Around this time, the television company ATV Midlands started each day's broadcasting with a short film accompanied by another song performed by Rain with De Sykes singing vocals, "Odyssey" (often incorrectly referred to as "Life is a Beautiful Book"). After being cast as a pop singer in the ATV soap Crossroads, De Sykes returned to the UK Top 20 as a solo artist with the song "We'll Find Our Day", a song she performed in the series which was featured at Meg Mortimer's wedding in the UK TV soap opera in 1975. De Sykes appeared in the show as singer 'Holly Brown'. She also had a starring role in the comedy Side by Side.
In 1977, she sang "Cool Wind from the North", in Episode 1 of the Marc Bolan TV show, Marc.

Groups and backing singer
De Sykes was one of The Birds of Paris, a combination of backing singers used throughout the 1970s to add vocals to a number of disco groups and artists.  The other members of the Birds of Paris included Madeline Bell, Joanne Stone, Kay Garner, Sunny Leslie, Sue Glover, Vicki Brown and Katie Kissoon.

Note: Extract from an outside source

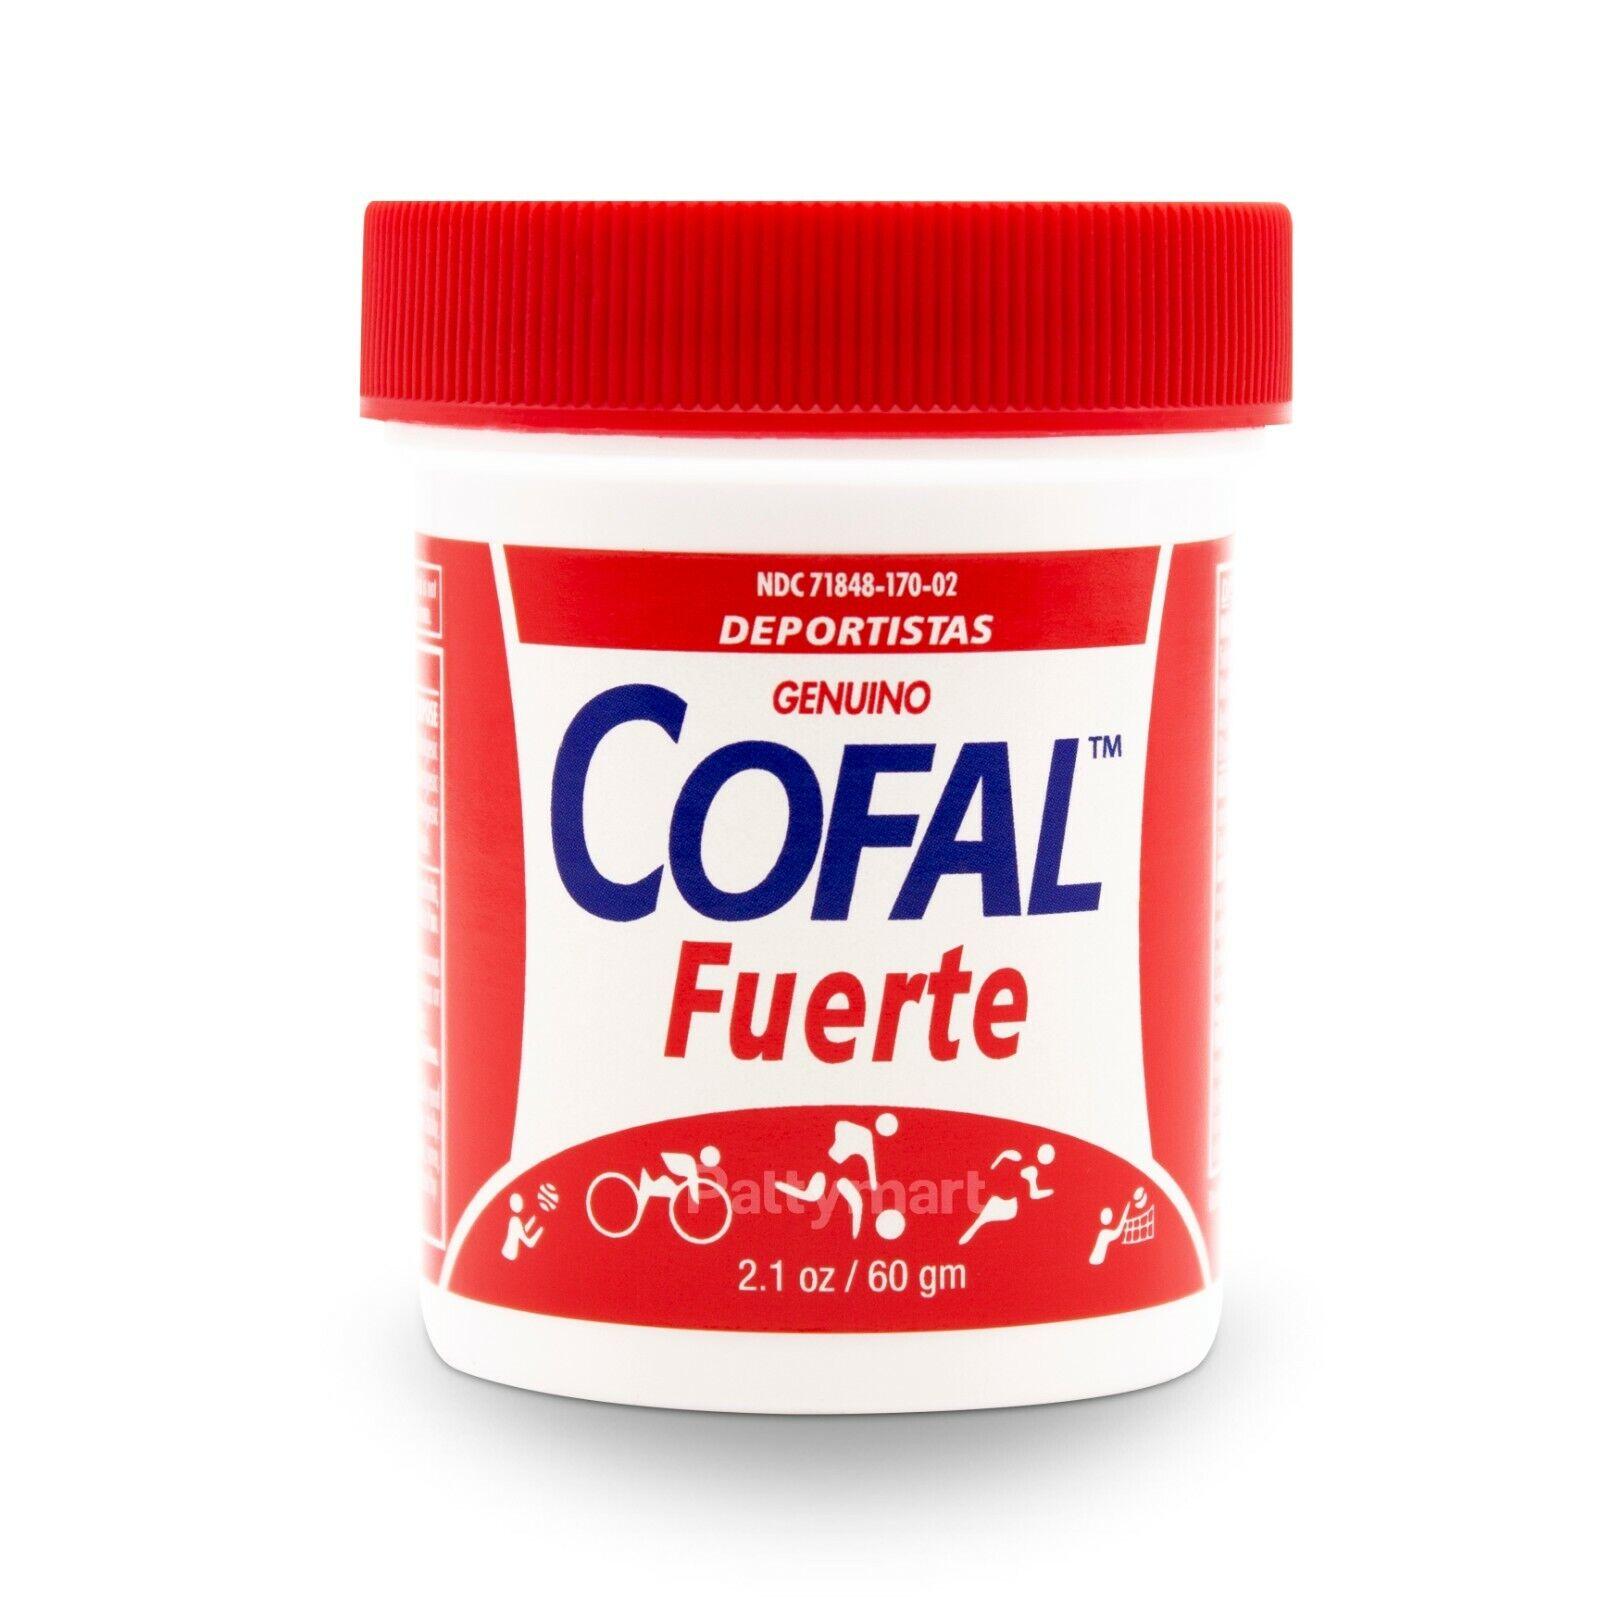 COFAL FUERTE GENUINO PARA DOLOR 2.1 OZ - FOR MUSCULAR PAIN, ARTHRITIS, BACK PAIN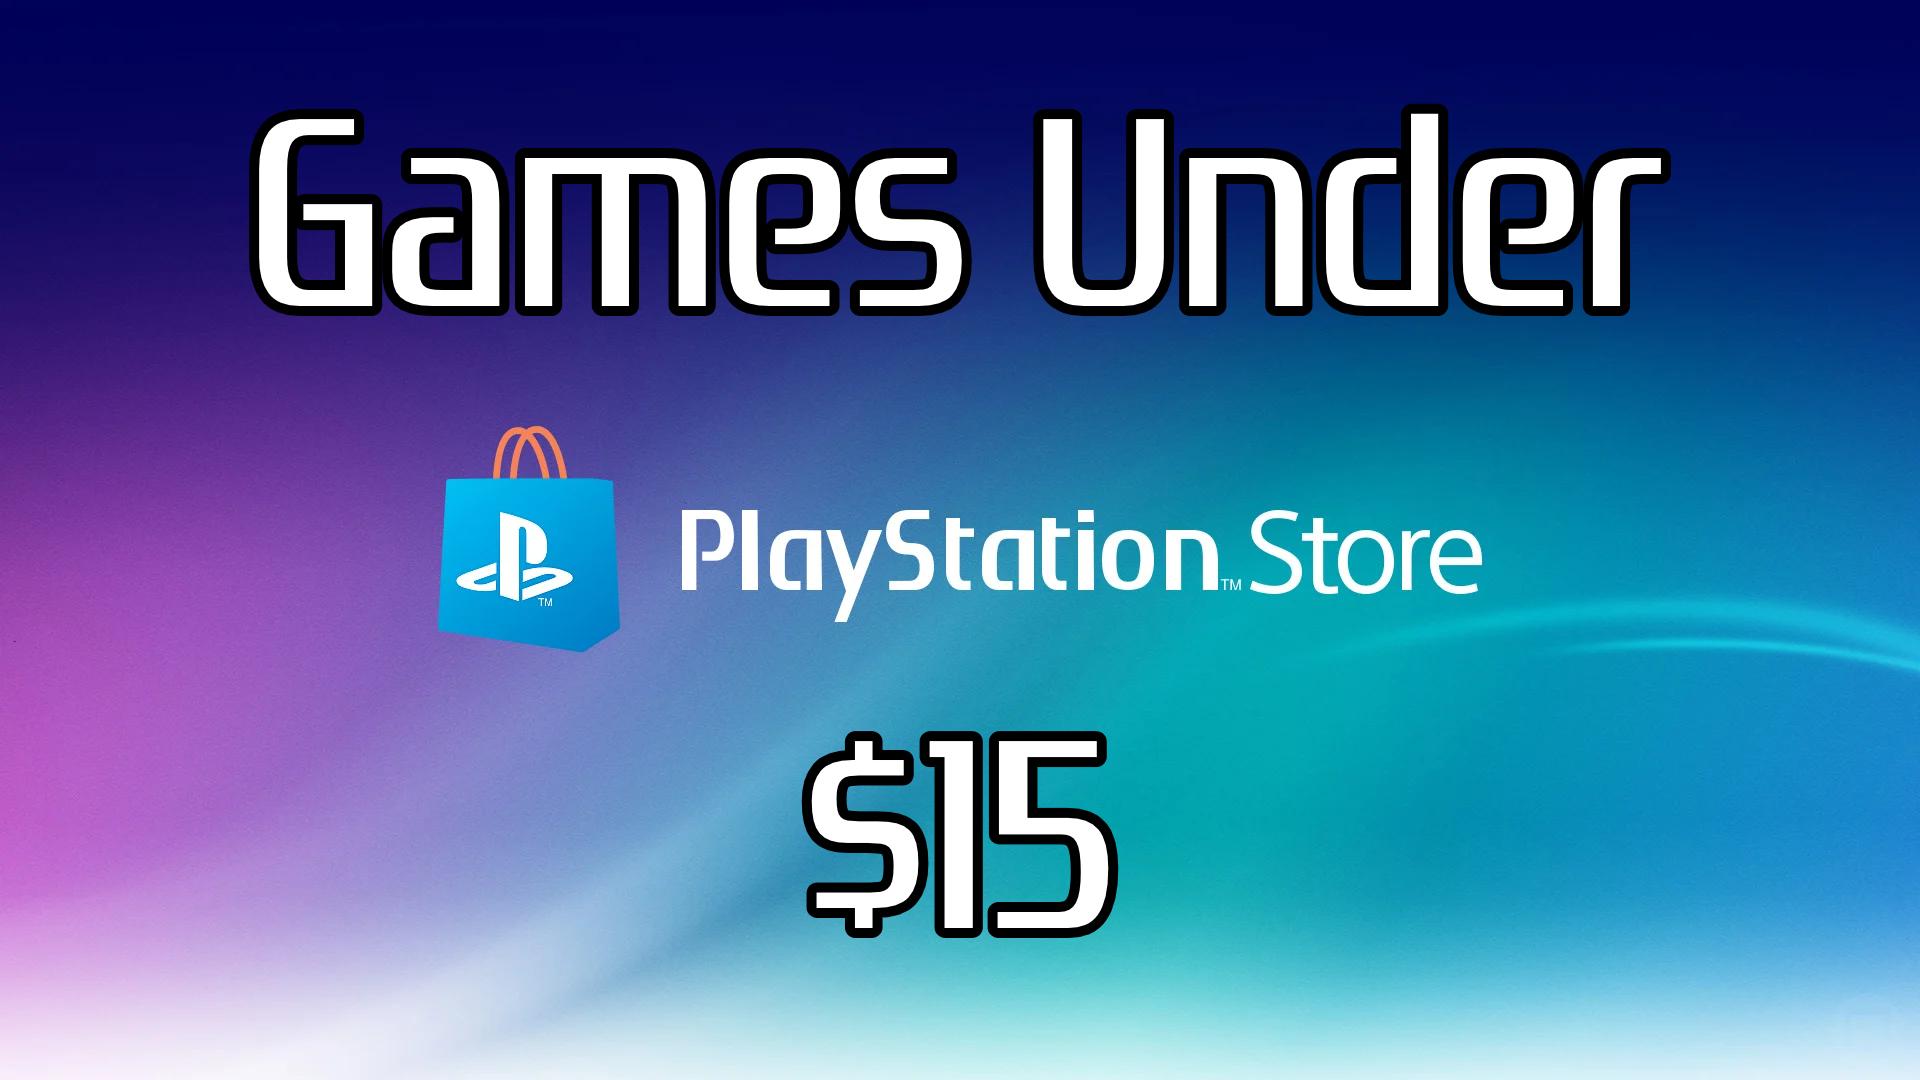 Playstation Games under $15 – 10/30/2020

She was once a background vocalist of Love & Kisses, a concept group by producer Alec R Costandinos. She also sang with the group "Sphinx" and with Voyage.

De Sykes / Slater
De Sykes lived with Stuart Slater (born Stuart Leslie James Slater, 14 July 1945, Liverpool), lead singer of The Mojos, with whom she had two children, including their son, Toby Slater. De Sykes and Stuart Slater wrote two UK Eurovision Song Contest entries, Co-Co's "The Bad Old Days" and Prima Donna's "Love Enough for Two" in 1978 and 1980 respectively. In 1981, she teamed up with Angus Deayton to record a parody of that year's Eurovision winner "Making Your Mind Up" by Bucks Fizz. The song, "It's Only A Wind Up" by "Brown Ale", did not make the UK singles chart. De Sykes and Slater had one other song in the UK final, "All Around The World" in 1983, which was performed by Slater, ostensibly as a soloist, but with five musicians, including De Sykes on keyboards and vocals. The song placed fifth of the eight submissions. Notably, they were introduced by Terry Wogan in all of the broadcasts as "...the husband and wife team of..."

Later career
Her 1979 self-penned single release "Oh, What A Night For Romance" was featured on the BBC1 show Juke Box Jury, when it was panned by the panel of Dusty Springfield, Tony Blackburn, Jonathan King and Britt Ekland who unanimously correctly predicted it would be a 'miss'. De Sykes featured in a TV commercial for McVities biscuits in the 1983 Christmas period and soon after provided background vocals for Meat Loaf's 1984 album Bad Attitude, which included the Jim Steinman penned single, "Nowhere Fast".

Personal life
De Sykes lived with Stuart Slater (born Stuart Leslie James Slater, 14 July 1945, Liverpool), lead singer of The Mojos, with whom she had two sons: musician Toby Slater; and Barnaby Slater, a comedian, writer and producer.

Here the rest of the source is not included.